Was he joking? I thought and said so.
“No I am not,” said Fred. “We Temples are all, so to say, brought up in the superstition, because we hear of it when we are young. You can’t shut people’s mouths, servants’ and dependents’ and neighbours’; and children always get hold of exactly what they ought not to.”
“Has the warning ever come in your time?”
“Yes; twice. Said to have come, at least. A day or two before my father died he had been out shooting partridges. It was the 4th of September. Coming home at dusk with the head-keeper, they we passing through a coppice, talking of the birds, when my father suddenly stopped, and put his hand upon the keeper’s arm. ‘Who’s that Patterson?’ said he. Patterson looked in the direction that his masters eyes had taken, but could see nothing at all but the tree. ‘Where, sir?’ he asked: ‘what is it?’ There was no answer, and upon looking at his master he saw that his eyes had a wild stare in them and his face had turned ghastly. Patterson has said many a time since that he felt as queer as could be, and did not like to speak again. ‘He’s gone,’ said my father in another minute, loosing hold off the man’s arm: ‘Patterson, that was my father standing there, he looked at me, and had his right arm lifted; I thought he beckoned with it.’

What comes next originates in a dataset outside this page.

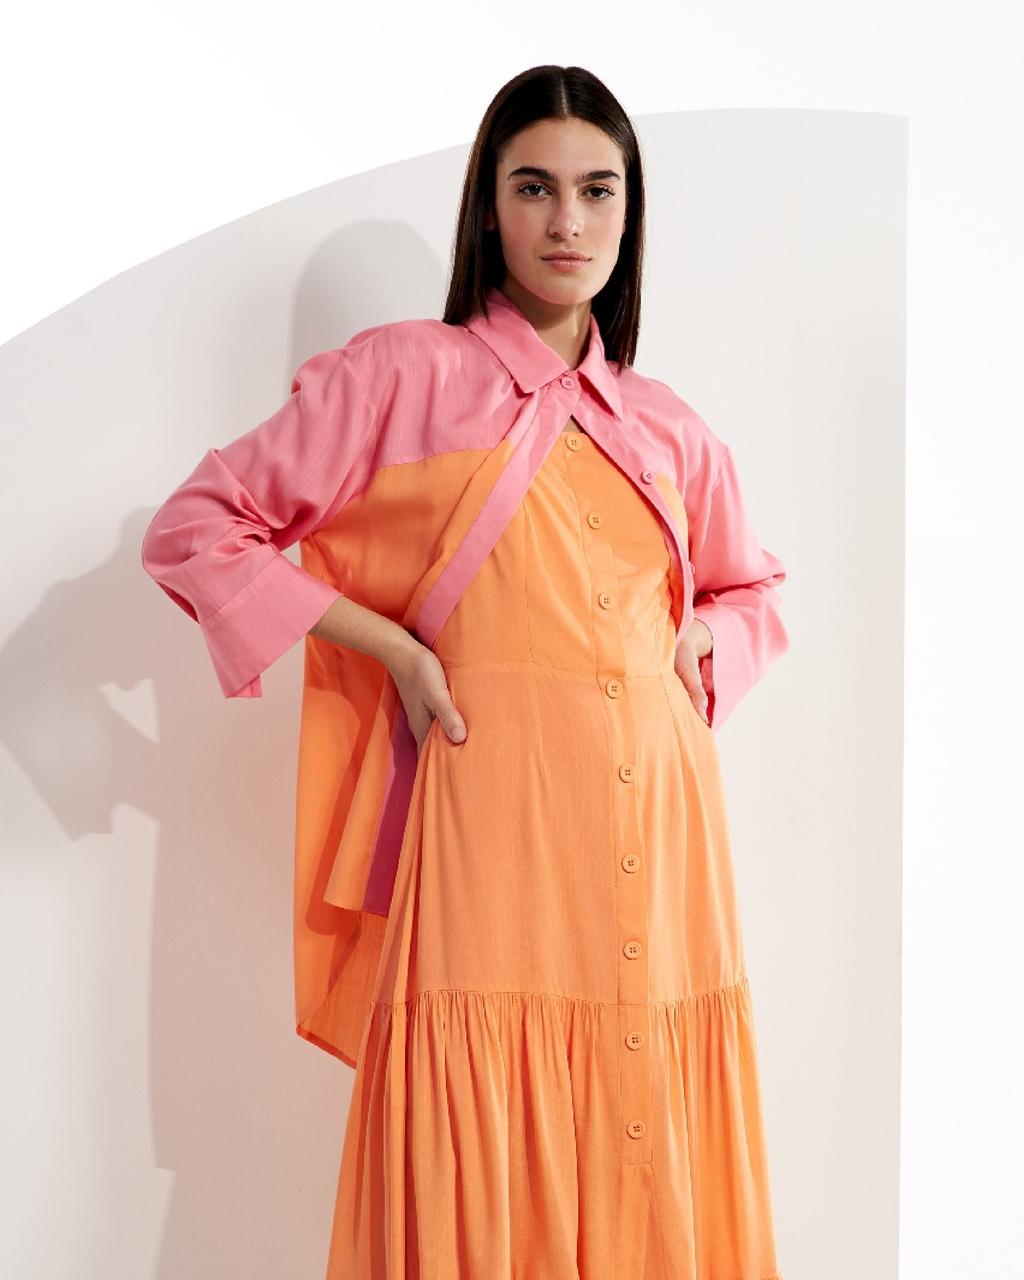 Camisa Alongada Bicolor com Recortes

“Patterson, knowing of the superstition, felt worse at this: he says came into his mind with the words. But he thought—and said—that some intruder might have been pushing himself into the coppice; and he beat about a bit, but could see no one. Of course, he did not speak of the incident: he knew his place better than that: and the next morning the man thought his master seemed to have forgotten all about it, for he was in high spirits, full of some friends who were coming that day to stay at Templemore, and giving orders for a grand day’s shooting for the following one. Patterson got all things in readiness, and the party, a large one, went out early. Before ten o’clock had struck, Johnny, my father was brought home with his death-wound.”
“How dreadful!”
“I saw them bring him in. I was a little fellow of five, and I shall never forget the bustle and the grief. I shall never forget my mother s cries. She was in weak health: the baby was not a month old. Johnny, if I ever want to be sobered I think of that day.”
“Was your father dead?”
“No; but it was known that he could not live. Someone of them, in getting through a hedge, had let his gun go off and the charge entered my father’s body. He was quite sensible until he died; which was about twelve hours after he was shot; and he disclosed the fact of having seen, or thought he had seen, his father on the previous evening in the coppice. Patterson spoke of it afterwards, and there was a good deal of talk about it in the neighbourhood.”
It almost seemed to me that I could see that past day, its confusion, and its troubles. Temple broke the silence.
“Since then it has been said that my father has appeared to give this warning in his turn. My little sister—the one who was the baby when he died—had scarlet fever when she was about eight years old. You must know, Johnny, that just before my father’s death he had caused his portrait to be painted, life size. It was done by only a local artist, but the likeness was wonderful: it was himself on canvas. They painted him standing up, a roll of paper in his hand. Everybody agreed that it was a living likeness; and many a friend, entering the drawing-room where it was hung, has started back with an unpleasant sensation, believing for the moment that they saw himself.